◆ About this exercise ◆
Excluding all pictures, please output the listing exactly.

◆ Supplied data ◆
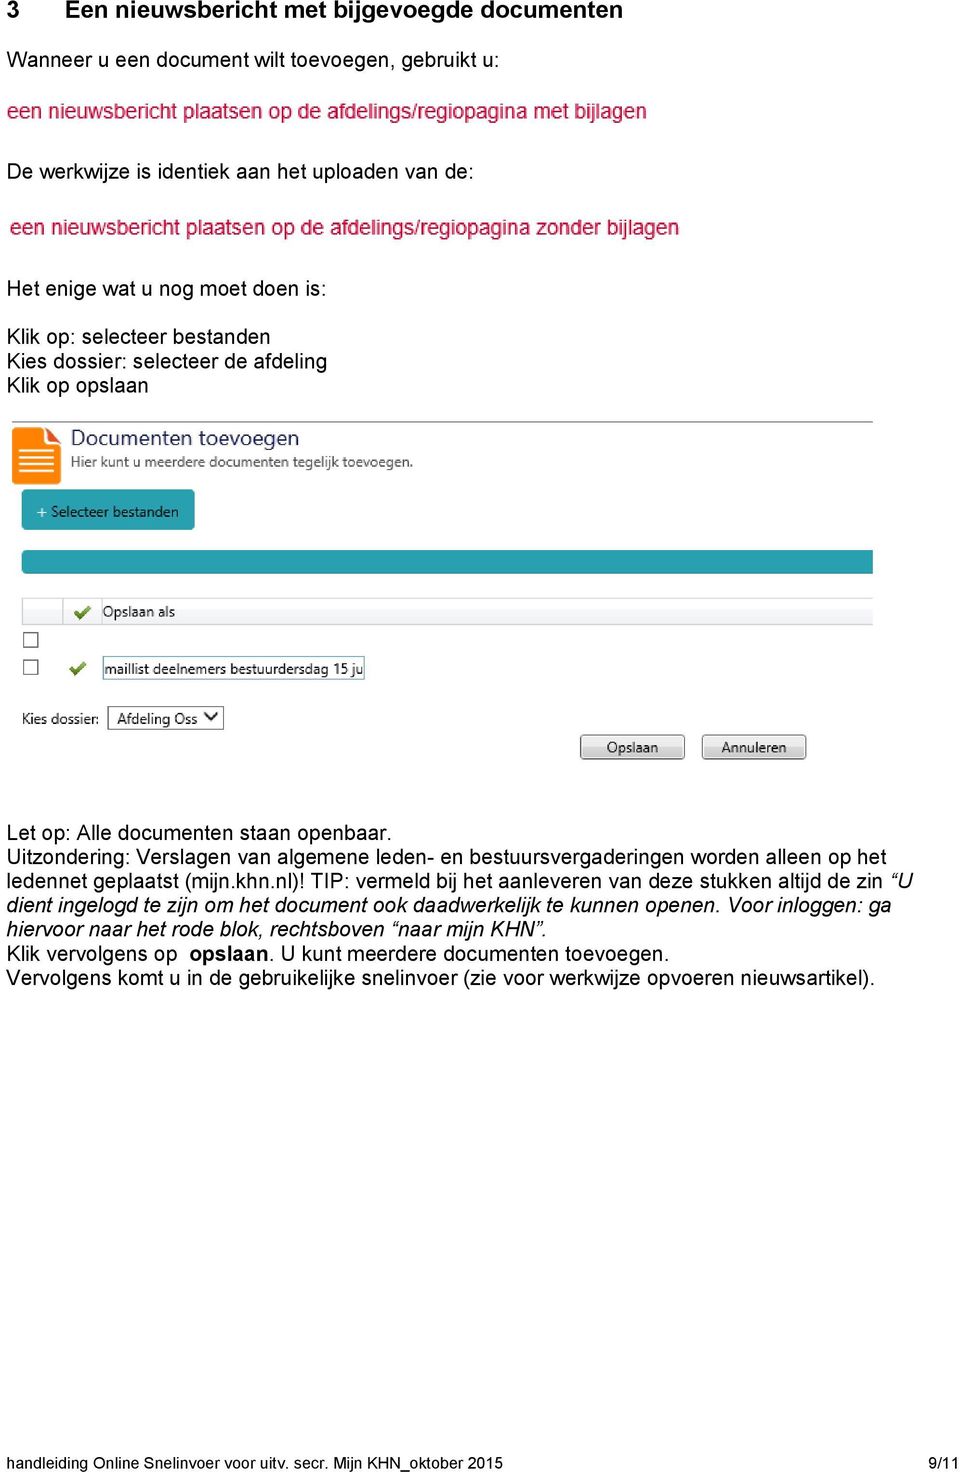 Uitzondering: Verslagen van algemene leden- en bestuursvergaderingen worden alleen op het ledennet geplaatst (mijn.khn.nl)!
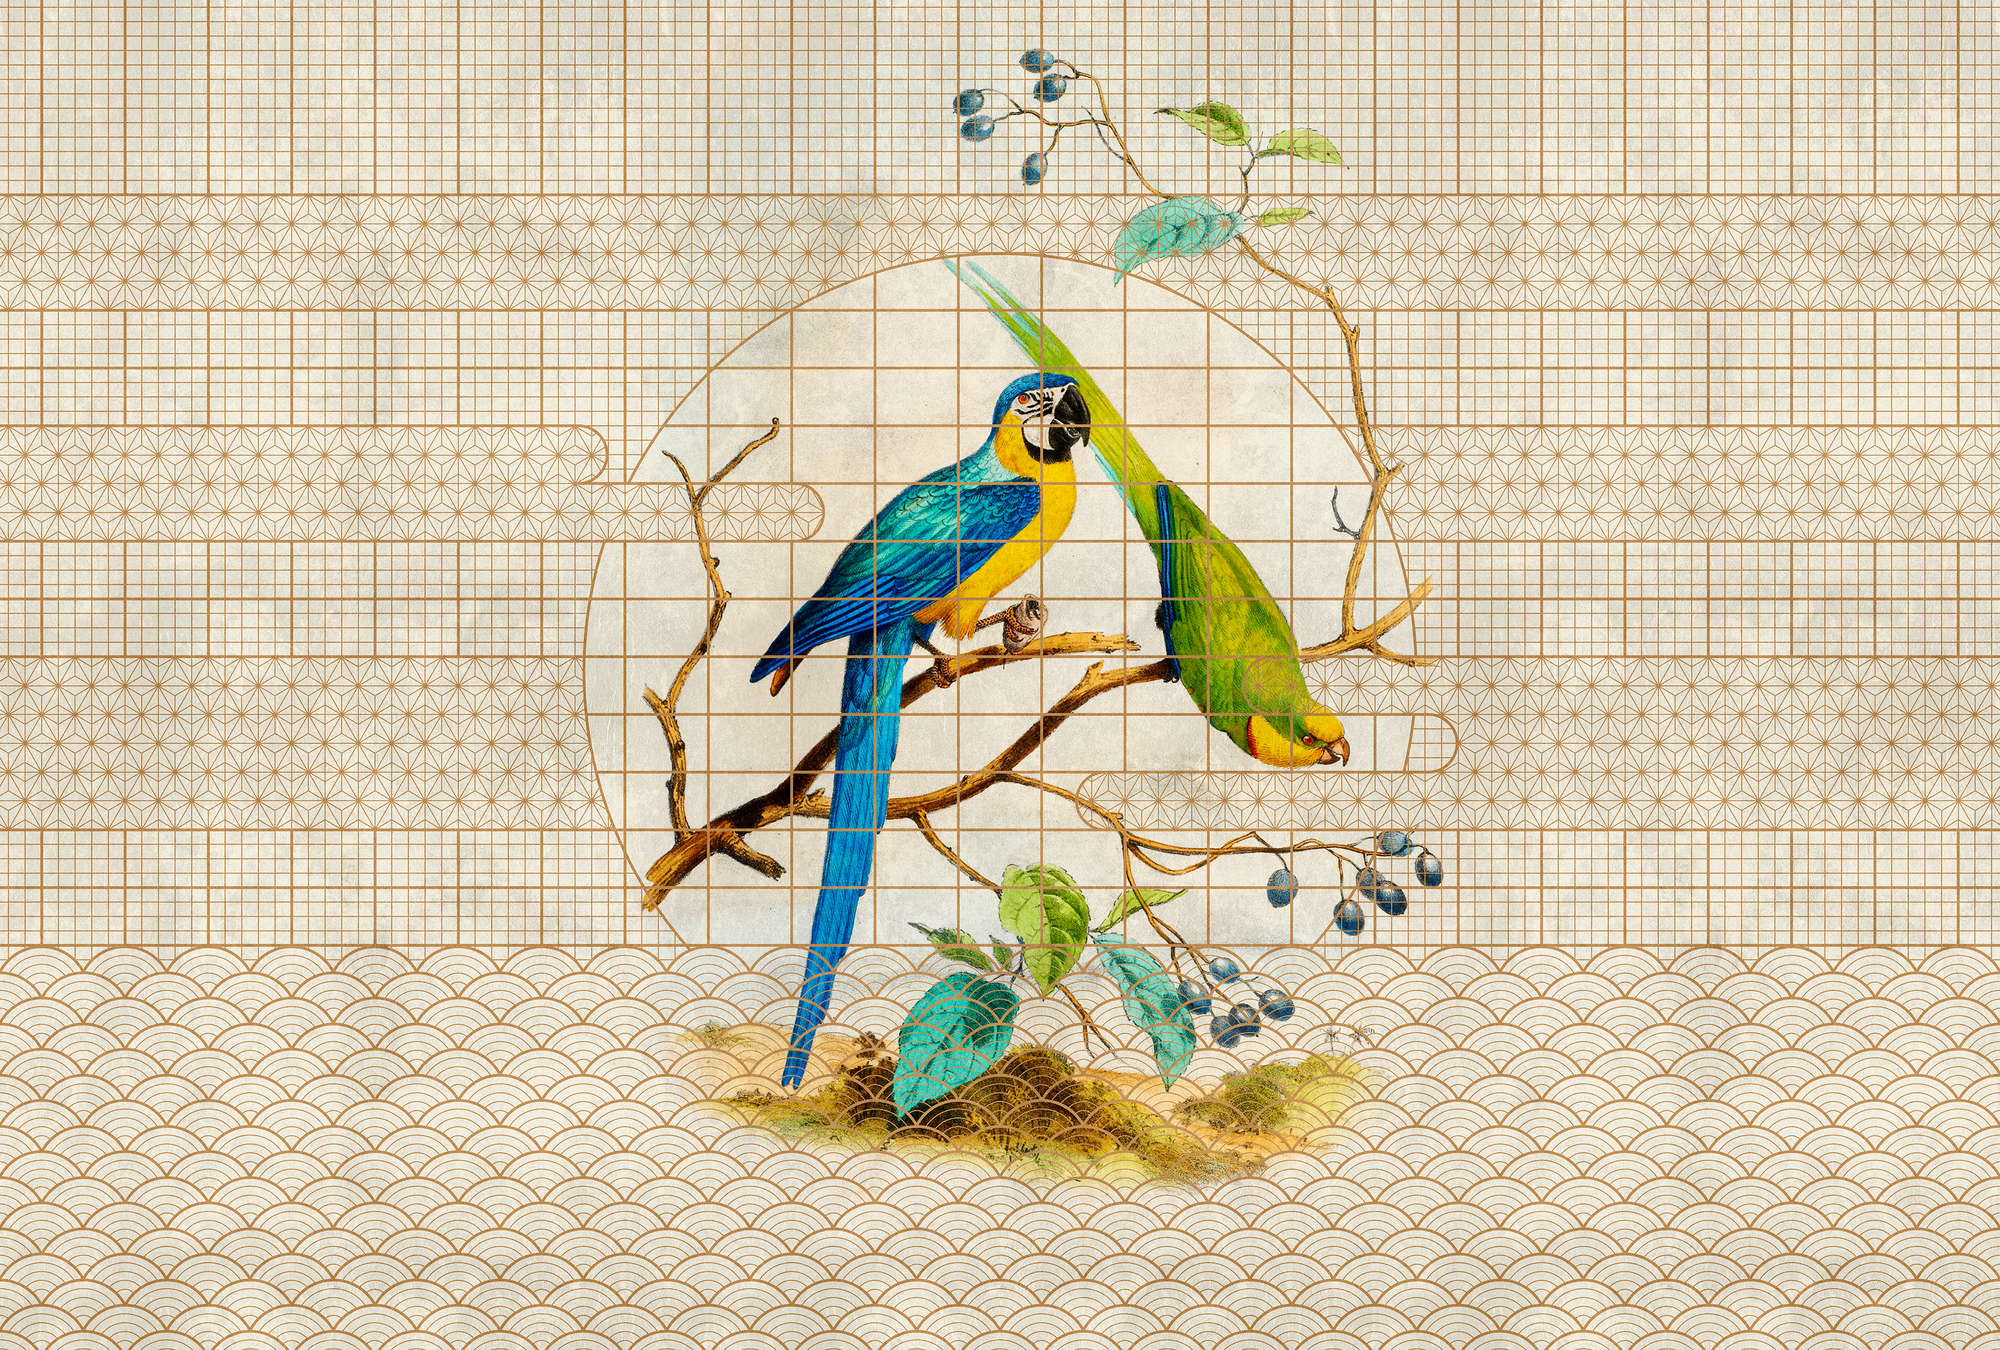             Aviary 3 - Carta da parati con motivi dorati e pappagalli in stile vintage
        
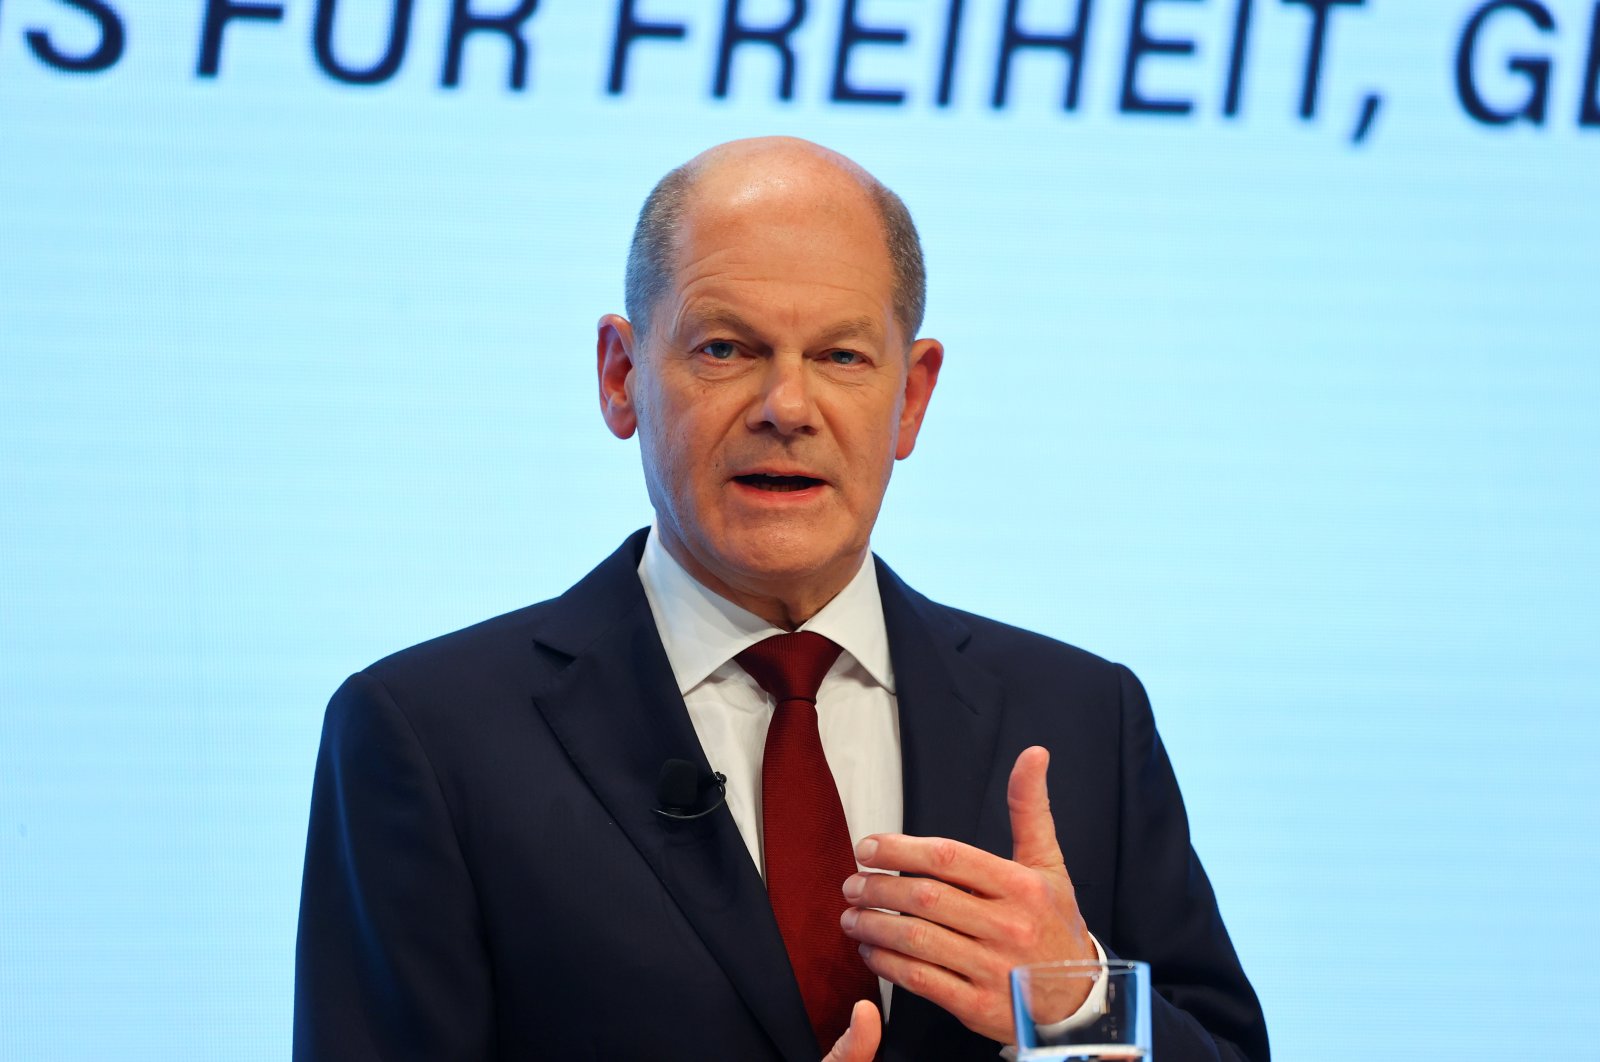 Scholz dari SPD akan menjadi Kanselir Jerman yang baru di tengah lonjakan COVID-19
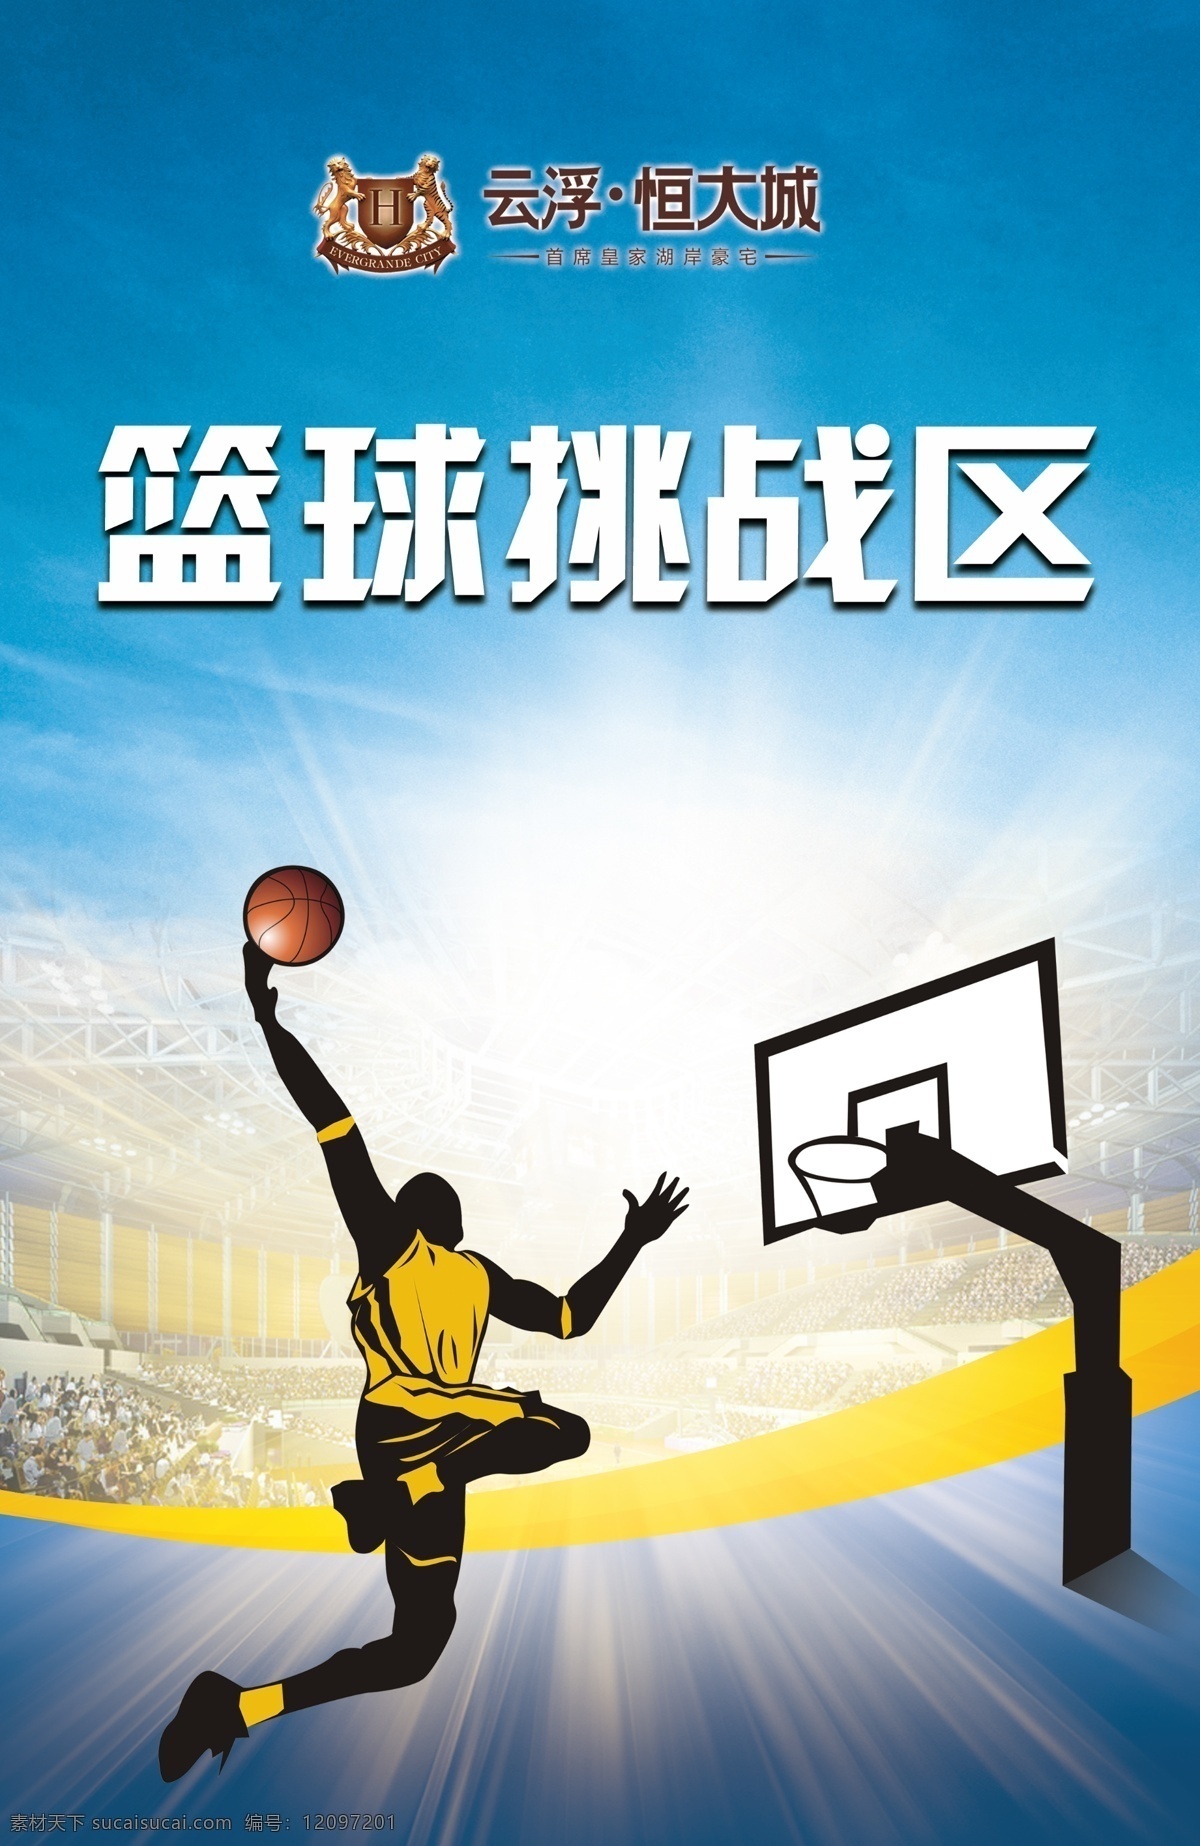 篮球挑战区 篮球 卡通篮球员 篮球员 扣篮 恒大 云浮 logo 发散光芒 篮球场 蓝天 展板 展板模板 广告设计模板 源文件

◆ Response to this exercise ◆
 Uitzondering: Verslagen van algemene leden- en bestuursvergaderingen worden alleen op het ledennet geplaatst (mijn.khn.nl)!
             Aviary 3 - Carta da parati con motivi dorati e pappagalli in stile vintage
        
 Scholz dari SPD akan menjadi Kanselir Jerman yang baru di tengah lonjakan COVID-19
 篮球挑战区 篮球 卡通篮球员 篮球员 扣篮 恒大 云浮 logo 发散光芒 篮球场 蓝天 展板 展板模板 广告设计模板 源文件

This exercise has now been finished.